The plastics industry has made public its efforts to recycle and manage plastic waste, but is spending much more on expanding production than recycling, which has become uneconomical with the proliferation of new cheap plastics, Reuters reported in October.

Chevron Phillips used images of Renew Oceans workers collecting plastic on the Ganges in a video promoting its sustainability efforts in July, even though the project stopped operations in March.

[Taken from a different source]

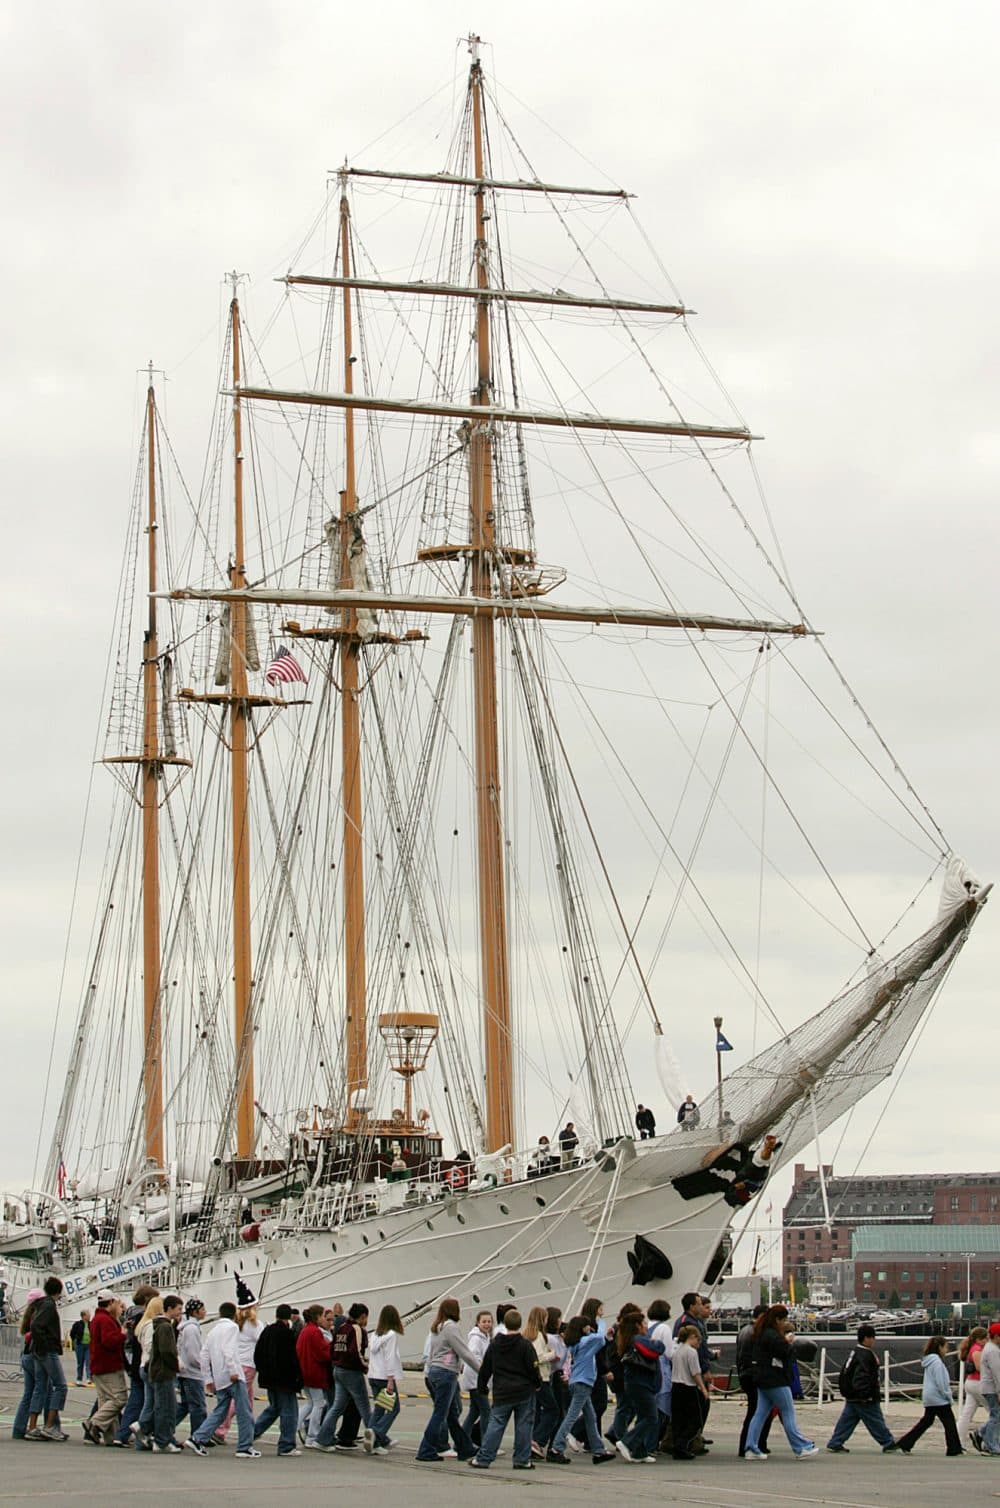 Visitors to the Charlestown Navy Yard walk in front of the Chilean tall ship B.E. Esmeralda, in Boston in 2005. (Steven Senne/AP)

“These are some of the richest and most powerful companies on the planet and have come up with a few small garbage collection projects in the community that offer beautiful photography opportunities,” said John Hocevar, Director of Ocean Campaigns, Greenpeace USA. “There is no way to reduce plastic waste without reducing plastic production.”

Chevron Phillips did not respond to a request for comment.